The continuous lipophilic phase of the inverse miniemulsion was prepared by dissolving the surfactant, polyglycerol polyricinoleate (PGPR) or SPAN 60, in cyclohexane. In sequence, the monomer, acrylamide (AAm), and the costablizers, sodium chloride (NaCl) and polyvinylpyrrolidone (PVP), were dissolved in water to prepare the aqueous phase. Two types of initiators were used, the water-soluble potassium persulfate (KPS) or the oil soluble 2,2'-azo-bis-isobutironitrile (AIBN). The former was dissolved in the aqueous solution, while the latter was dissolved in a small amount cyclohexane and added to the reaction medium after the miniemulsification. Both phases were mixed and magnetically stirred for 30 min, forming a coarse emulsion. When the aqueous phase initiator was used, this step was performed at 10 °C to prevent the onset of the reaction during miniemulsification. A Ultra Turrax Digital T25 homogenizer (5 min at 20000 rpm in an ice-water bath) was used to prepare the miniemulsion. The inverse miniemulsion was then transferred to a 250 mL jacketed reactor with a magnetic stirring bar and stirred under a nitrogen stream to avoid inhibition of the polymerization process by the presence of oxygen. All polymerizations were carried out between 55 °C and 60 °C (see Table 2). Figure 1 represents the experimental unit. The reactor is equipped with a magnetic stirrer, reflux condenser, sampling valve, nitrogen injection system, NIR immersion probe, and thermometer.

 

 

 

 

 

 

Table 1 shows the recipe of the acrylamide inverse miniemulsion polymerizations. The differences among the reactions, initiator type and concentration, surfactant type and reaction temperature are shown in Table 2.

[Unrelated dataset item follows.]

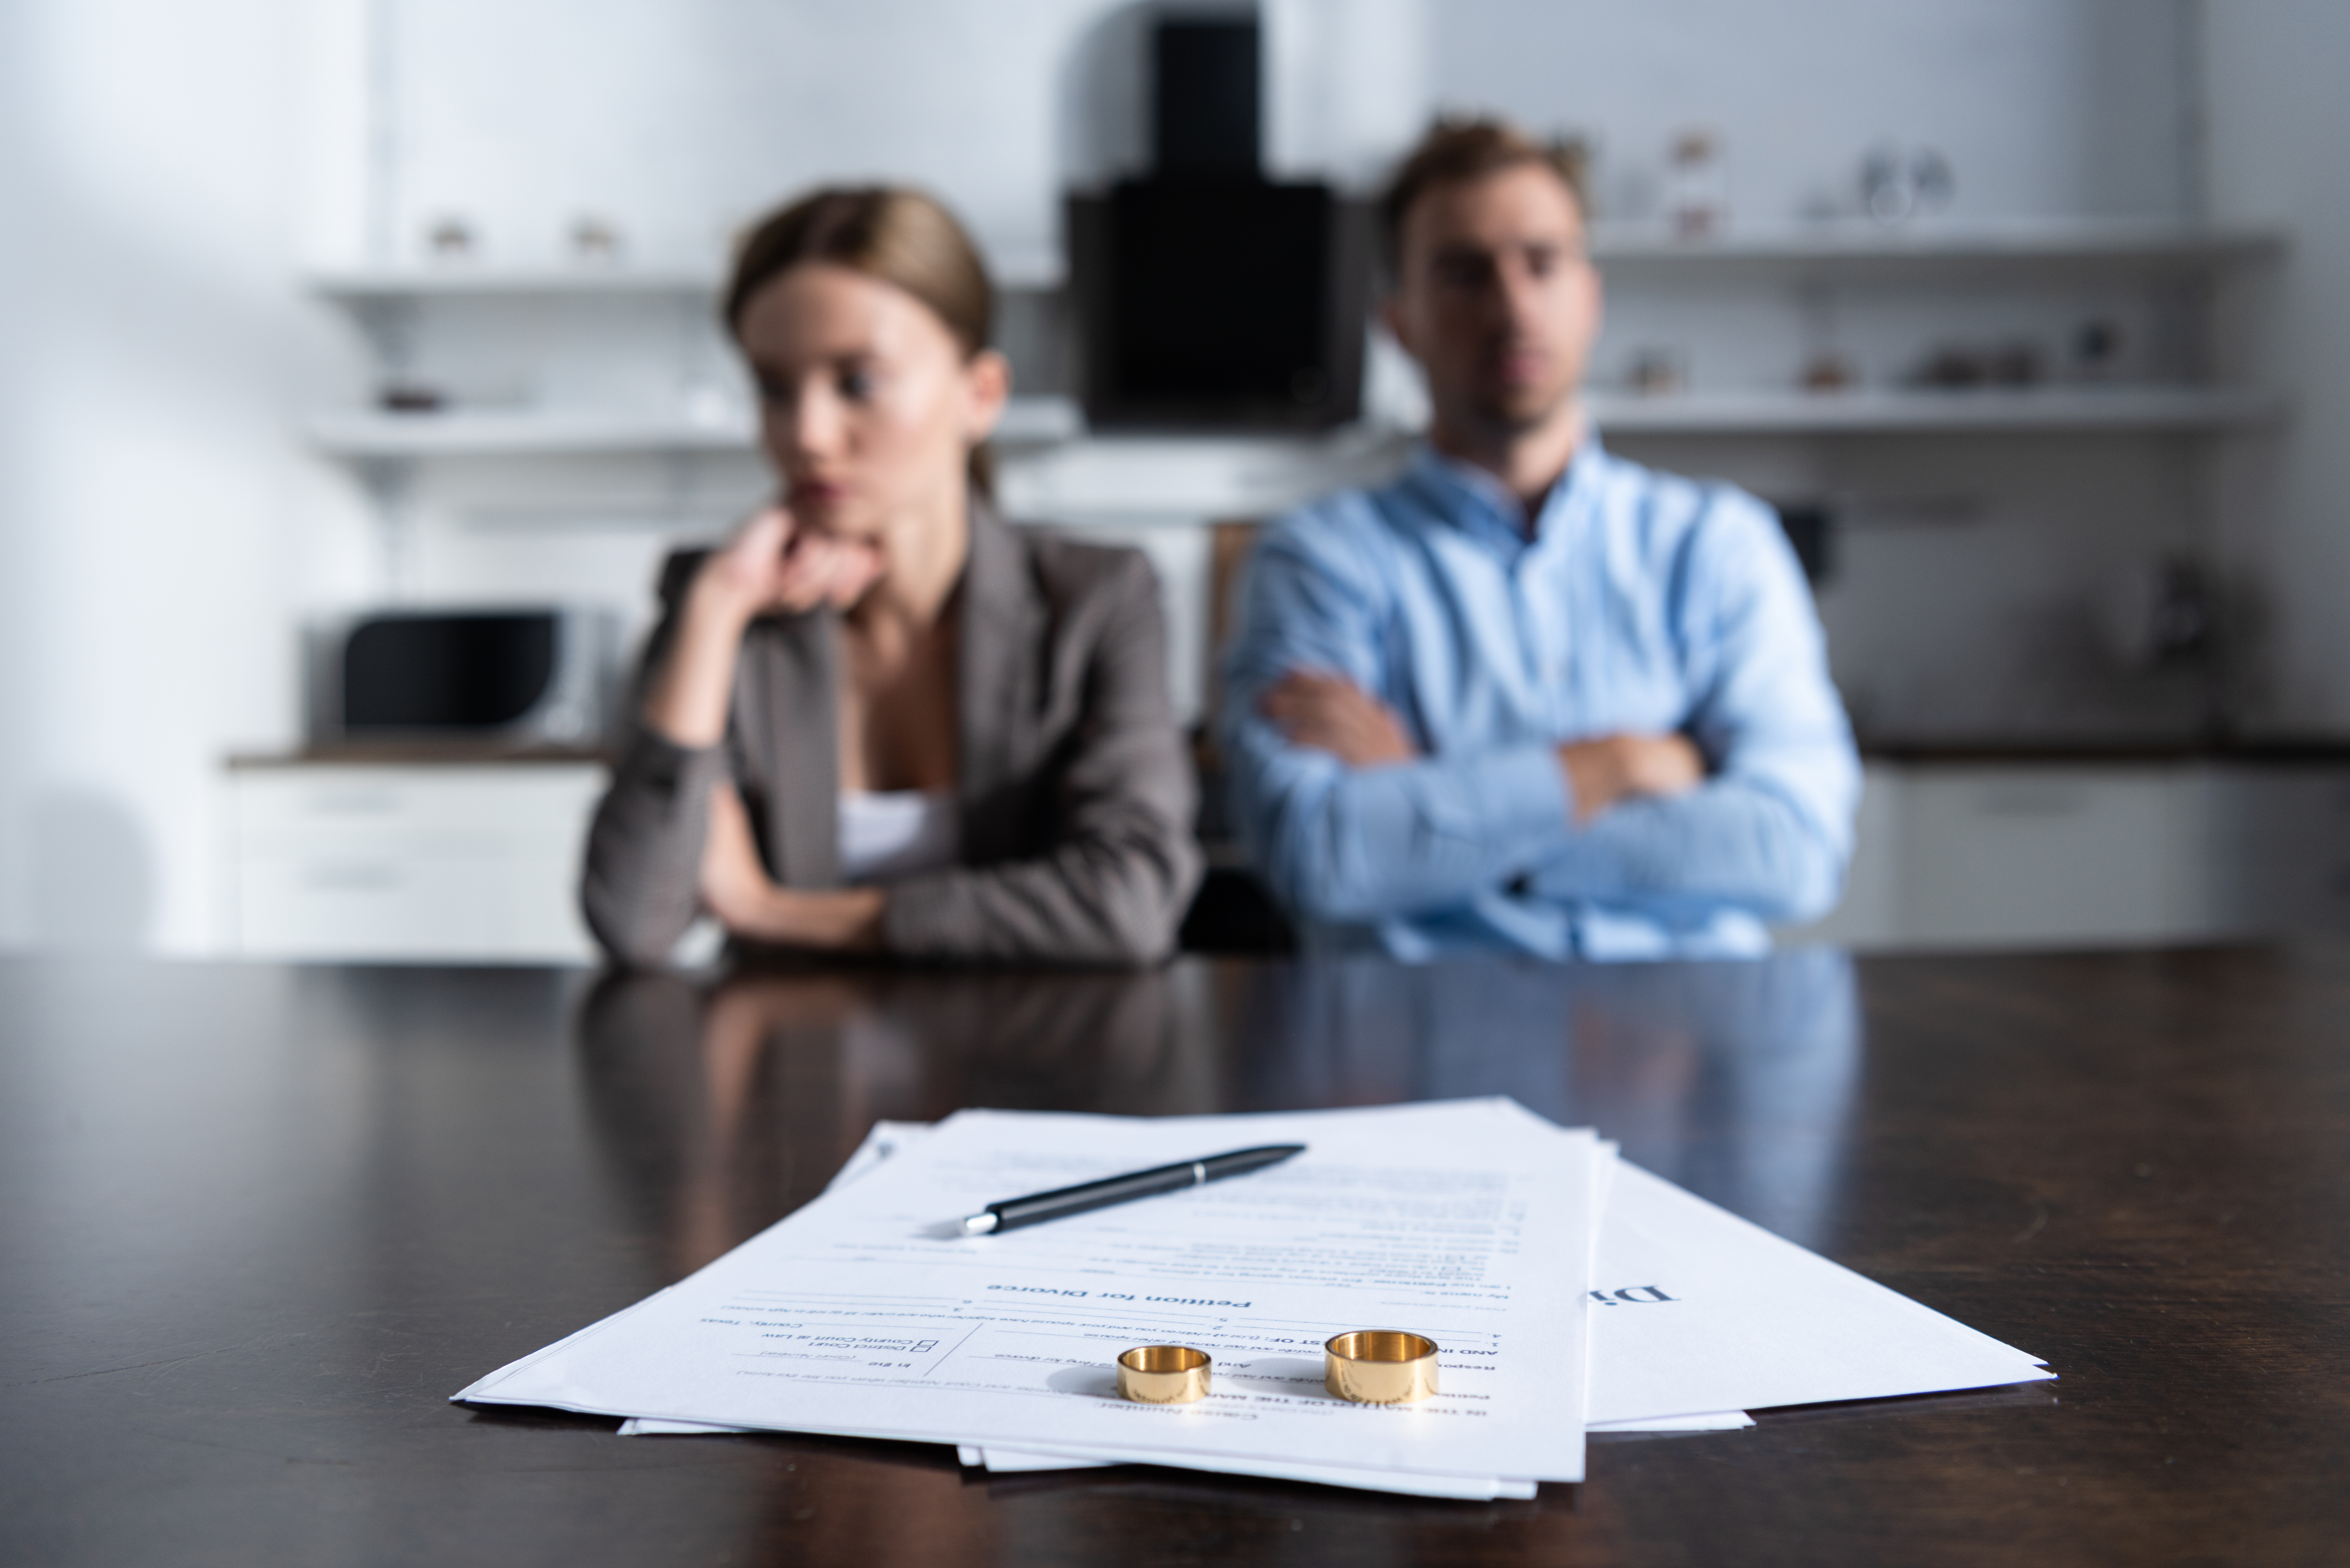 Des personnes en train de divorcer | Source : Shutterstock

Latex characterization: samples were collected during the polymerization process to determine conversion and average particle diameter.

Conversion was determined by gravimetry based on the following procedure: samples were collected from the reactor and precipitated in an excess of chilled acetone containing 0.1 wt% of hydroquinone, and then separated by centrifugation. This procedure was repeated twice without hydroquinone to remove the non-polymeric solids. The precipitate was dried at 60 °C to remove residual acetone, cyclohexane and water. The conversion was calculated as the ratio between the mass of dry polymer and the amount of monomer that the sample taken from the reactor should contain if no reaction occurred. When PGPR, a surfactant with double bonds, was used, the procedure described by Hunkeler (1990) was followed to calculate conversion.

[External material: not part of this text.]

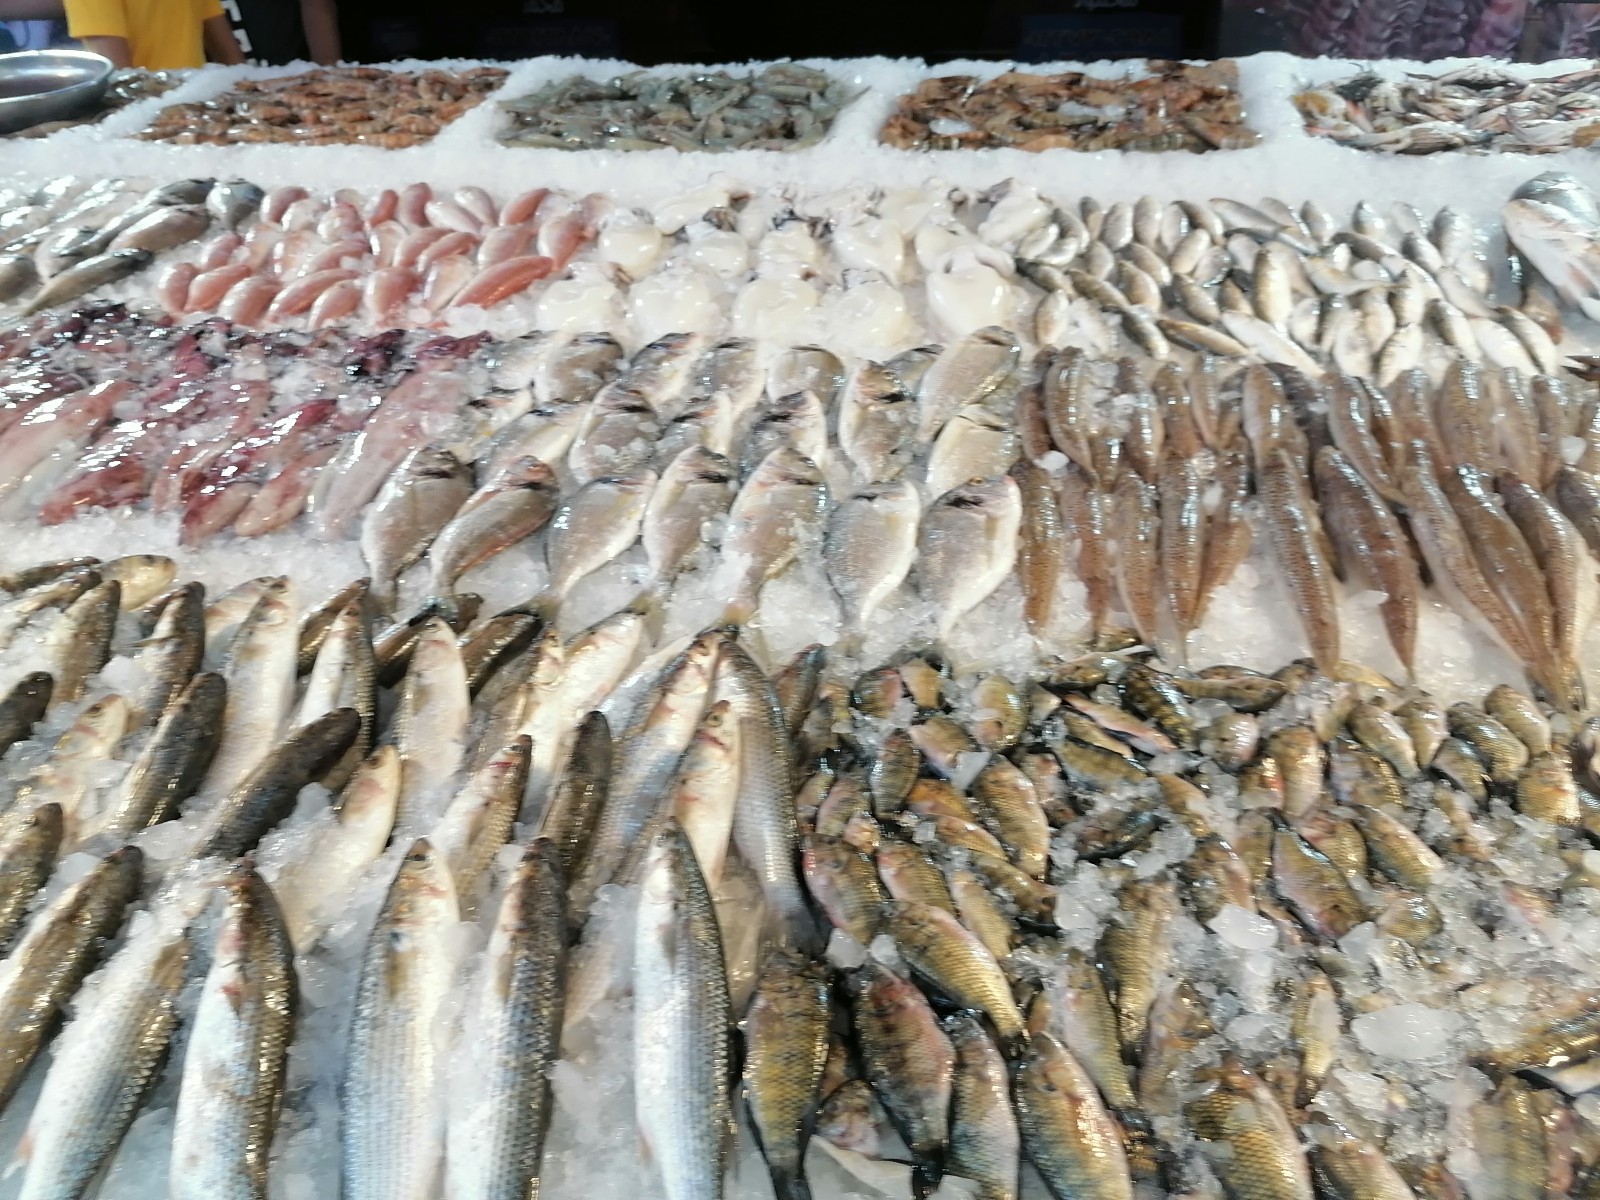 الأسماك بالسوق في بورسعيد

The intensity average particle diameter was measured by dynamic light scattering technique (DLS, Beckmann Coulter N4 Plus) diluting the samples in cyclohexane.

Online Monitoring

NIR spectra were collected online with an IFS 28/N Bruker spectrometer, equipped with a quartz beam splitter, using a probe (Hellma 661.622 NIR, with a transflection system and overall light path equal to 2 mm) immersed into the reaction medium. Spectral acquisition and processing were developed using the OPUS software package. Gravimetric (conversion and monomer concentration) and DLS (intensity average particle diameter) data were used as reference data in the multivariate partial least squares (PLS) calibration models.

 

RESULTS AND DISCUSSION

NIR Model of Acrylamide Concentration

To improve the quality of the calibration models, spectral pre-treatment techniques were applied. The second derivative with 25 points (smoothing) using the Savitzky - Golay method was chosen as the spectral pre-treatment technique due to its good results for this type of heterogeneous system (Vieira et al., 2002; Chicoma, 2009). The Savitzky - Golay method is based on the polynomial fitting of spectra using partial least square regression, allowing data differentiation and smoothing. The calibration set of reactions, composed of polymerizations M 1, M 2 and M 3 in Table 2, was chosen to cover a wide range of conversion values.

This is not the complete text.